Extinct genus of turtles

Helochelydra is an extinct genus of extinct stem turtle known from the Early Cretaceous (Barremian) of the Isle of Wight, southern England.

==Phylogeny==
Helochelydra is a member of the stem turtle family Helochelydridae, which is known from Late Jurassic to Late Cretaceous deposits in North America and Europe. Cladistic analysis recovers Helochelydridae outside the clade leading to crown turtles (Testudines).

==Taxonomy==
Helochelydra was named in 1928 by Franz Baron Nopcsa for a partial shell (NHMUK R171) from the Early Cretaceous Wessex Formation of the Isle of Wight that Lydekker (1889) had referred to Tretosternon punctatum, a turtle taxon from the Purbeck Group of Dorset, but no species name was provided.

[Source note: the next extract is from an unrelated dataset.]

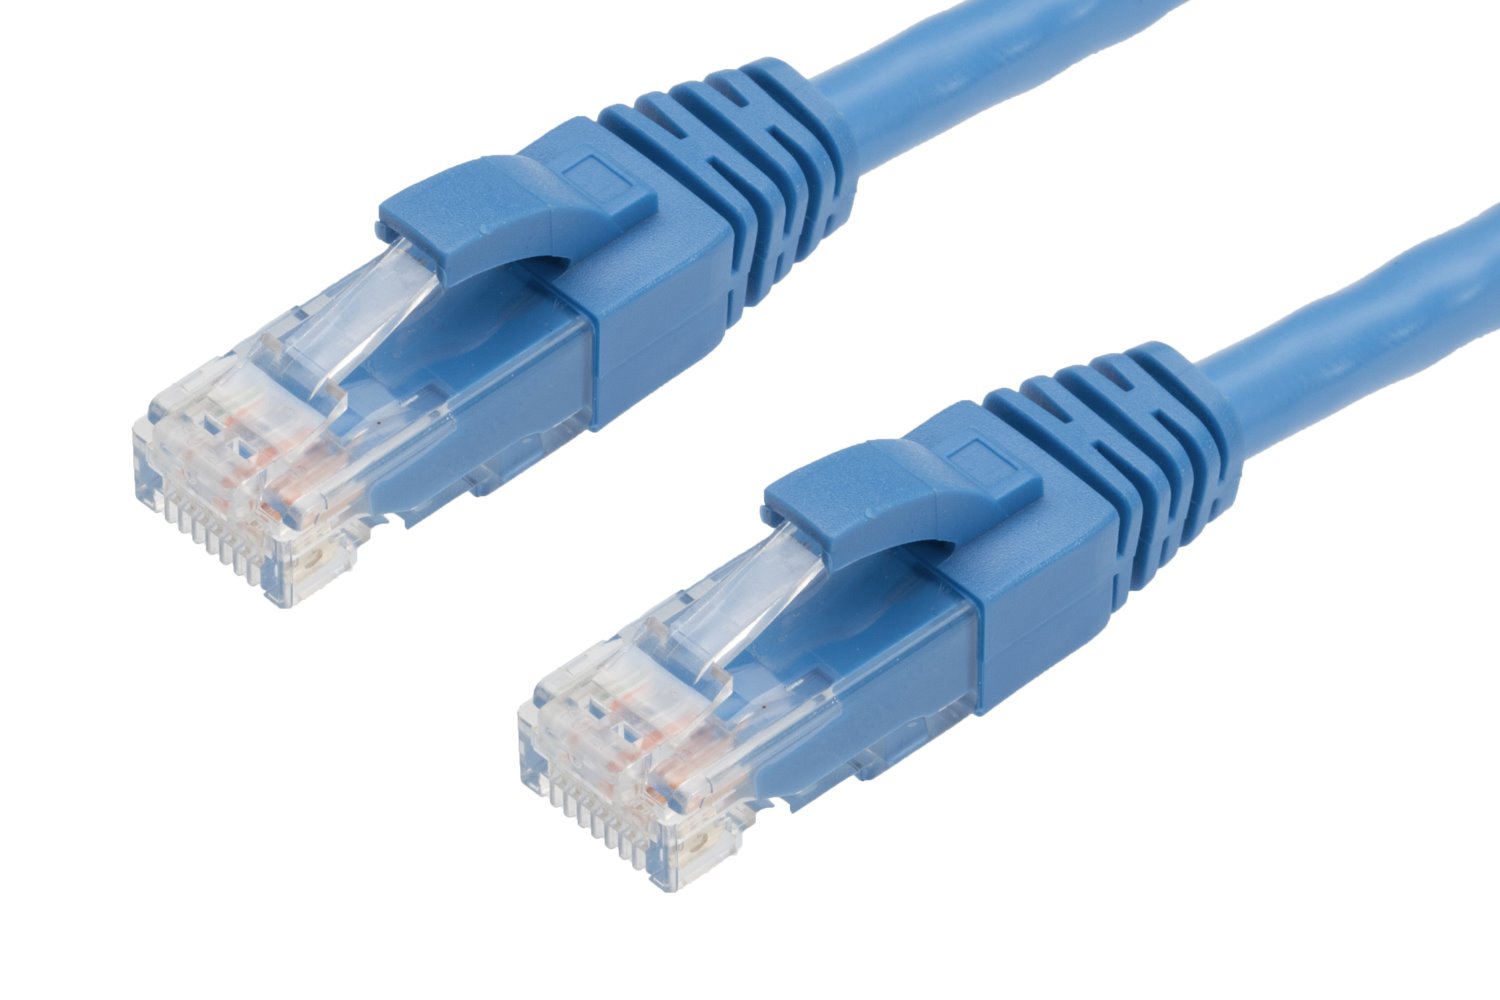 4Cabling 1M RJ45 Cat6 Ethernet Cable. Blue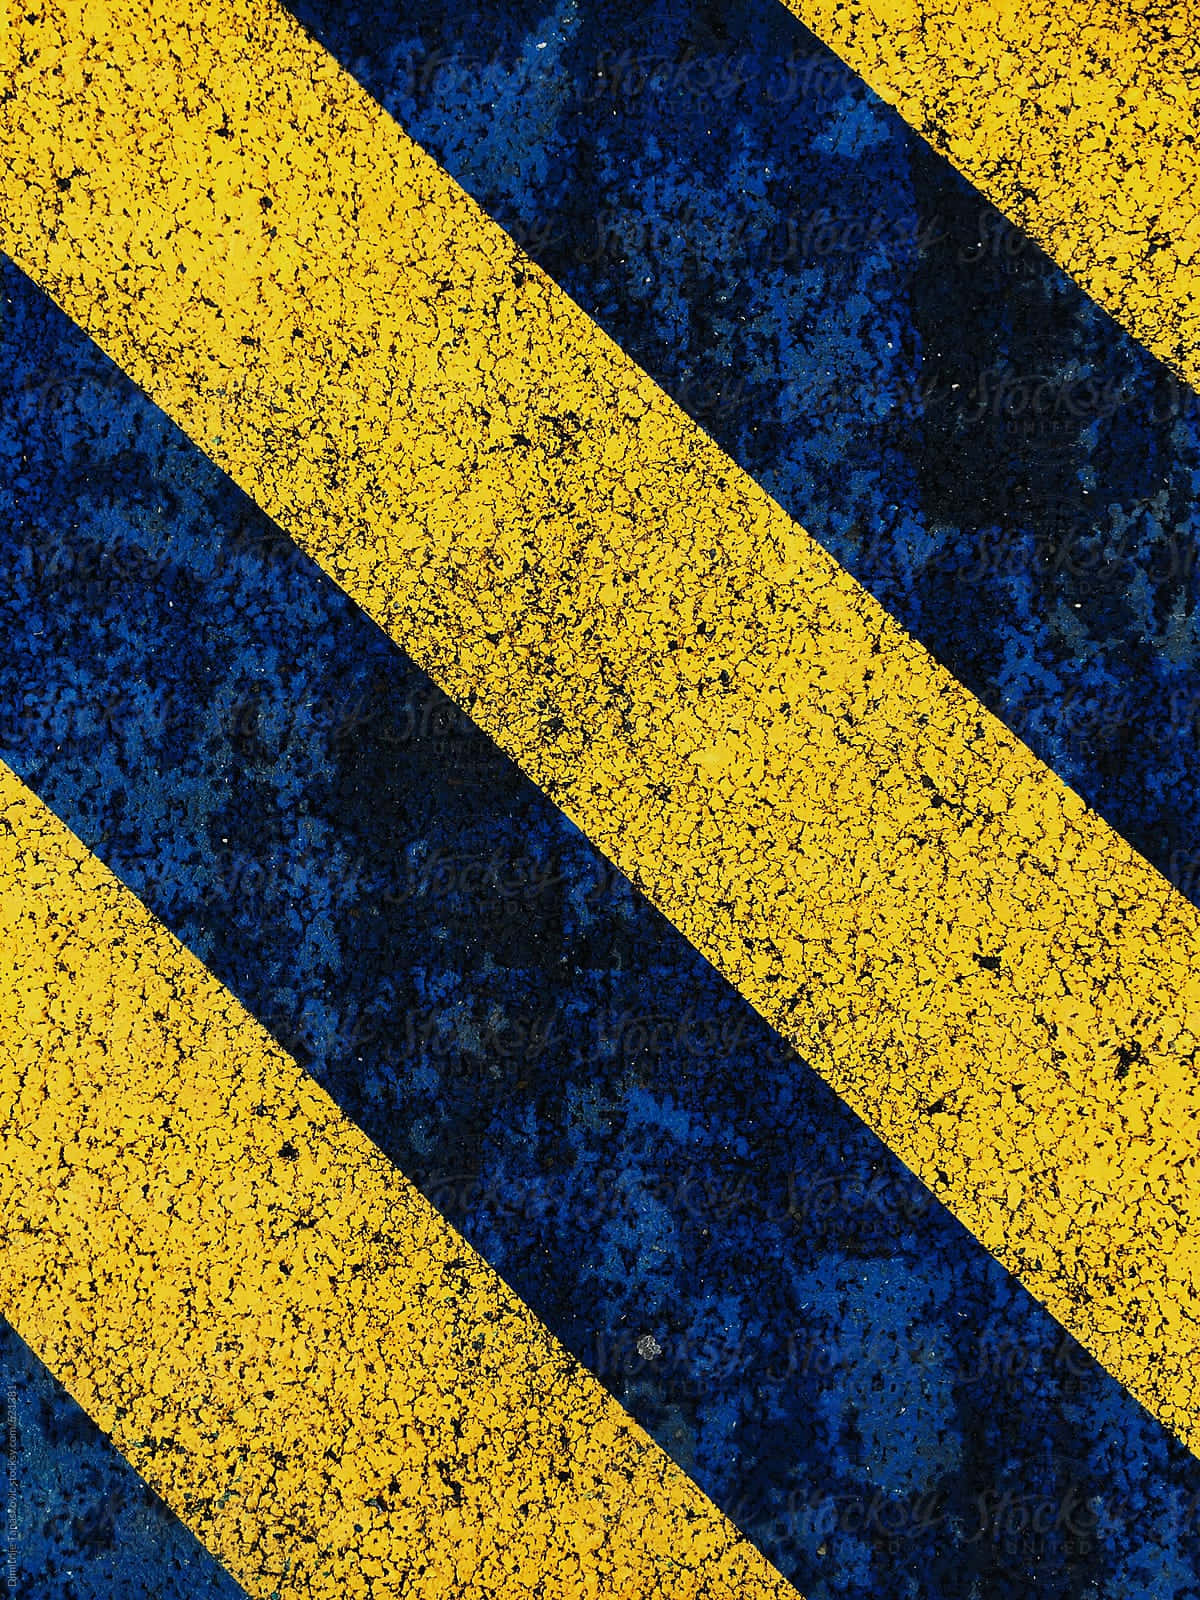 Fondode Pantalla Con Rayas Diagonales En Azul Y Amarillo Con Efecto De Puntos.

Lapparent de Broin and Murelaga (1999) recognized Helochelydra as closely related to the Late Cretaceous stem turtle Solemys, and erected the type species epithet nopcsai for NHMUK R171, even as they considered Tretosternon a possible synonym of Pleurosternon. The turtles "Trionyx" bakewelli and "Platychelys" anglica were referred to Helochelydra by Milner (2004) based on morphological similarities with the shell of the type species, but were placed in Compsemyidae by Joyce et al. (2012).